INFORMATION GIVEN:

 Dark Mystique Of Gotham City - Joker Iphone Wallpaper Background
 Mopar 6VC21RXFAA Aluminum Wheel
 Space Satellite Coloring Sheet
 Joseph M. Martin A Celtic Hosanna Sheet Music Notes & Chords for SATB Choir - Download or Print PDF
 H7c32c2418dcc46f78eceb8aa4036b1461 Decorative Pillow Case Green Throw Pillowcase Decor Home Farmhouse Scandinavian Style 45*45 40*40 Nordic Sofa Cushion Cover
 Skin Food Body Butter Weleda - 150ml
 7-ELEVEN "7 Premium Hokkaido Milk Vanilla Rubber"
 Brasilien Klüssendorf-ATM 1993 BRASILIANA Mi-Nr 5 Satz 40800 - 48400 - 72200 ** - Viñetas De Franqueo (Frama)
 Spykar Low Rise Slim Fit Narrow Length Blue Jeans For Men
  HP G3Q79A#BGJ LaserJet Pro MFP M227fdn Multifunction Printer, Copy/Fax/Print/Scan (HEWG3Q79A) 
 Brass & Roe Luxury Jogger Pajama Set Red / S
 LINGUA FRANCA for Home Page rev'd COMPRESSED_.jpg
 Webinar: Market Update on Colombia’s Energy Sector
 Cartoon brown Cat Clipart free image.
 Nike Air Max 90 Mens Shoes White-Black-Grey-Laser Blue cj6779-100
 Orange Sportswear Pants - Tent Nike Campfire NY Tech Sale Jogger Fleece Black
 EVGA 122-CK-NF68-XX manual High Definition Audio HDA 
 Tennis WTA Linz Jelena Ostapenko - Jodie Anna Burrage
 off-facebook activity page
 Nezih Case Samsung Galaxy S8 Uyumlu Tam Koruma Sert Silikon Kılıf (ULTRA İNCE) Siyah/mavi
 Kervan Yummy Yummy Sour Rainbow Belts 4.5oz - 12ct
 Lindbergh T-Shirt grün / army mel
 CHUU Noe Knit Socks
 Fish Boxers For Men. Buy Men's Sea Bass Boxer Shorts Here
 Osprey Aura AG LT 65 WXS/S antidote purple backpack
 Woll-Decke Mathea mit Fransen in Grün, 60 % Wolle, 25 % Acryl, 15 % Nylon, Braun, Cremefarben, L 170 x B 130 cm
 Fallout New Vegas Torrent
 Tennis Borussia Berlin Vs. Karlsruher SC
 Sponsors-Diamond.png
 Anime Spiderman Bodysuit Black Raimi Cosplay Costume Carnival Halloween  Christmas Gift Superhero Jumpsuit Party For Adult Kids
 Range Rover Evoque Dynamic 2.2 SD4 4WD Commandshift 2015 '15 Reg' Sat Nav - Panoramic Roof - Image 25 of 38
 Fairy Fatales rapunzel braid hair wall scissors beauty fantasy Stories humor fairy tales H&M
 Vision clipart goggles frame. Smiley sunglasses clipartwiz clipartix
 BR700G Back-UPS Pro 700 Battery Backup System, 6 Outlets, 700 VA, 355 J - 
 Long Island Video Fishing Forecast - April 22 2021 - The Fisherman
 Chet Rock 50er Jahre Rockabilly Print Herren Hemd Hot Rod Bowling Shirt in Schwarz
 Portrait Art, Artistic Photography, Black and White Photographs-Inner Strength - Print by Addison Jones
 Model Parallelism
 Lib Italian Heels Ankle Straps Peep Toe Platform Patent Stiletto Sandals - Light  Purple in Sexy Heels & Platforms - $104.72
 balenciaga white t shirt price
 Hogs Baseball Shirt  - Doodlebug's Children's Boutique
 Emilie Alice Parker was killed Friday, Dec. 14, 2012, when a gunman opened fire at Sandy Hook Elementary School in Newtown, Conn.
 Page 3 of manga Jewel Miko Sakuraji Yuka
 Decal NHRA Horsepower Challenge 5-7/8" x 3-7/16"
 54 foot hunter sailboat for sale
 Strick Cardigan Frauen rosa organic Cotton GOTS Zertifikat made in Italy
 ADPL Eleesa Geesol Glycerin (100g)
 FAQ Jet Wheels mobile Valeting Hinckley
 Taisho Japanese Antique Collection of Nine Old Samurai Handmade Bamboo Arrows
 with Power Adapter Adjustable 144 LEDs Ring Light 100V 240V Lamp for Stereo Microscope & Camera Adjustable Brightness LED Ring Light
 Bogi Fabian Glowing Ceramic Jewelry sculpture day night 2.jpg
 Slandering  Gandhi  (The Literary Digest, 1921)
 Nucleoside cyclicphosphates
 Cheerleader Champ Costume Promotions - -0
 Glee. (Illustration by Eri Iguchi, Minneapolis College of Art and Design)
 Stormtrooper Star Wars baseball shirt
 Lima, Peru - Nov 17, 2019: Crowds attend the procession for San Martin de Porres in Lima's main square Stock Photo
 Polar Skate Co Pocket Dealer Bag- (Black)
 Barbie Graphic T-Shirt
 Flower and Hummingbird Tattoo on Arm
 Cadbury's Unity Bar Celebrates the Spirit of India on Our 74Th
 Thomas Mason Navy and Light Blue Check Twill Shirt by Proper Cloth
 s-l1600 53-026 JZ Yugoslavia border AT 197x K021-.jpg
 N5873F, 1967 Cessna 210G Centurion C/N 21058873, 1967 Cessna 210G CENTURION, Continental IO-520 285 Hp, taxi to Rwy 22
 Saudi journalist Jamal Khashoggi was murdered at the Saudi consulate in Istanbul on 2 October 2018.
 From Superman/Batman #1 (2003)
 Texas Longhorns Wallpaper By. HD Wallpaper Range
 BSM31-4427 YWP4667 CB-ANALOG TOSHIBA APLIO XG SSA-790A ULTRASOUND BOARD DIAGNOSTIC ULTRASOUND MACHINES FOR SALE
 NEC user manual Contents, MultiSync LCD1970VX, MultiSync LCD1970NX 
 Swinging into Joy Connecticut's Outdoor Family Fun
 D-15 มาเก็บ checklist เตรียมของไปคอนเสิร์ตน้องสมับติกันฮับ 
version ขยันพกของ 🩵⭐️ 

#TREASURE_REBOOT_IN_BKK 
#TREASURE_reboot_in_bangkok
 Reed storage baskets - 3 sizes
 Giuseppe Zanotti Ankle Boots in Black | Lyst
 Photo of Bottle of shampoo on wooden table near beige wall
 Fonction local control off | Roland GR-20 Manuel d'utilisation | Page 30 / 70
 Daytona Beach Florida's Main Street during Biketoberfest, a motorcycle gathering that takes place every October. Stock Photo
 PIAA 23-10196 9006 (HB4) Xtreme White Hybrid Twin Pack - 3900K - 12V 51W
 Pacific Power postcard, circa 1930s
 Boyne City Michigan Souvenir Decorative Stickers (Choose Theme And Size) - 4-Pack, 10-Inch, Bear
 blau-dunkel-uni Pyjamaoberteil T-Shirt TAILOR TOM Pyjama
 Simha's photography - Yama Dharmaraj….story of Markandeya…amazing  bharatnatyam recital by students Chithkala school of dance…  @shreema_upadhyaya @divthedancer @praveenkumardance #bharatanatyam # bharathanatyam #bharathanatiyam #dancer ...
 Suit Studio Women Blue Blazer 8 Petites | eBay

PROBLEM DETAILS: Give again, exactly as written, every line from the first one above through the line that has "Orange Sportswear Pants" in it.

EXERCISE RESPONSE:
 Dark Mystique Of Gotham City - Joker Iphone Wallpaper Background
 Mopar 6VC21RXFAA Aluminum Wheel
 Space Satellite Coloring Sheet
 Joseph M. Martin A Celtic Hosanna Sheet Music Notes & Chords for SATB Choir - Download or Print PDF
 H7c32c2418dcc46f78eceb8aa4036b1461 Decorative Pillow Case Green Throw Pillowcase Decor Home Farmhouse Scandinavian Style 45*45 40*40 Nordic Sofa Cushion Cover
 Skin Food Body Butter Weleda - 150ml
 7-ELEVEN "7 Premium Hokkaido Milk Vanilla Rubber"
 Brasilien Klüssendorf-ATM 1993 BRASILIANA Mi-Nr 5 Satz 40800 - 48400 - 72200 ** - Viñetas De Franqueo (Frama)
 Spykar Low Rise Slim Fit Narrow Length Blue Jeans For Men
  HP G3Q79A#BGJ LaserJet Pro MFP M227fdn Multifunction Printer, Copy/Fax/Print/Scan (HEWG3Q79A) 
 Brass & Roe Luxury Jogger Pajama Set Red / S
 LINGUA FRANCA for Home Page rev'd COMPRESSED_.jpg
 Webinar: Market Update on Colombia’s Energy Sector
 Cartoon brown Cat Clipart free image.
 Nike Air Max 90 Mens Shoes White-Black-Grey-Laser Blue cj6779-100
 Orange Sportswear Pants - Tent Nike Campfire NY Tech Sale Jogger Fleece Black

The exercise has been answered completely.